Beyond documentation and billing compliance, it is essential to focus on your entire revenue cycle to ensure financial health. Making sure each phase of the entire revenue cycle is conducted properly will pay off in terms of revenue and compliance. Too many facilities concentrate solely on one component of the revenue cycle, such as the documentation and coding aspect. You must go beyond and investigate the effectiveness of the interfaces that move charges from one software system to another. In addition, the coding scrubber systems being utilized, whether they are software driven or manual, should be tested.

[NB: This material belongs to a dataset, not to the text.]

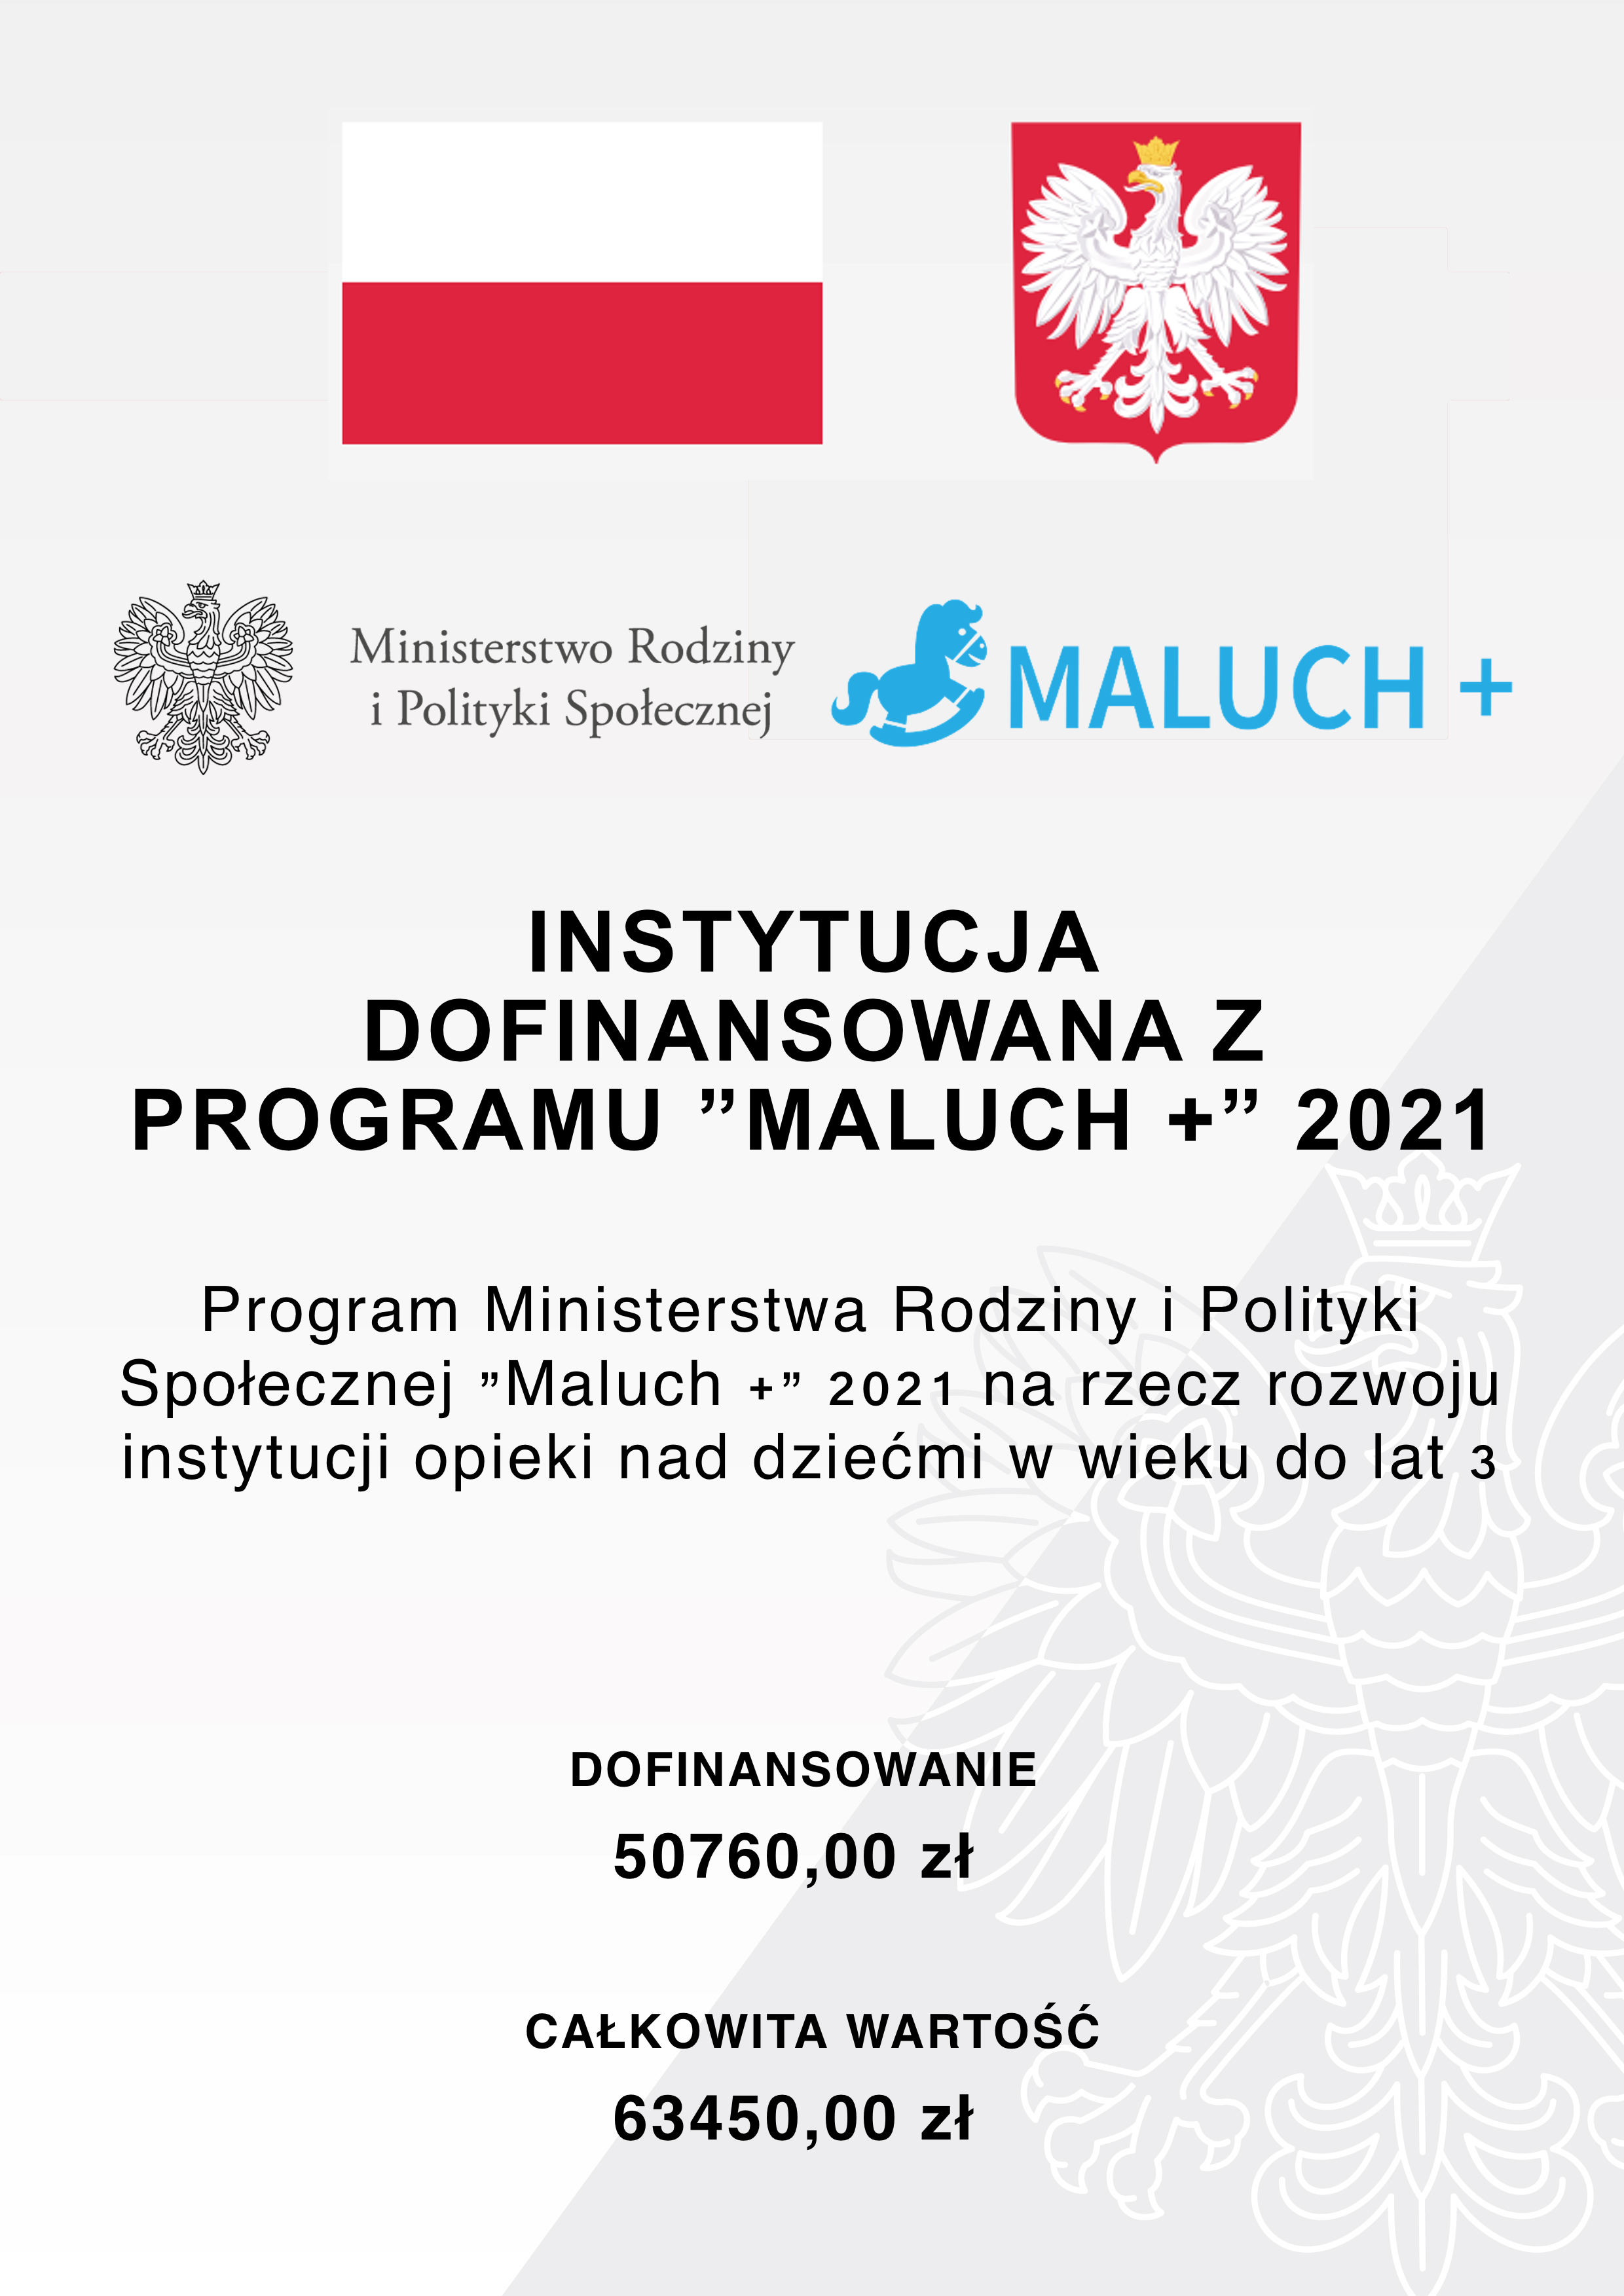 MALUCH+, zlobek-lopuszno.pl

Lastly, the information that is going to the payer must be scoured for correctness. Compliance doesn’t end in the clinical department, but should be verified throughout the revenue cycle process. While implementation and review of so many processes and systems may sound daunting and costly, you will find that investments to ensure compliance are worth making. l

1. Centers for Medicare & Medicaid Services. CMS Quality Strategy 2013 – Beyond. Published November 18, 2013. Accessed April 30, 2014.
2. US Department of Health & Human Services, US Department of Justice. Health Care Fraud and Abuse Control Program: Annual Report for Fiscal Year 2013. Published February 2014. Accessed April 30, 2014.
3. US Department of Health & Human Services, Office of the Inspector General. Compliance Guidance. Accessed May 1, 2014.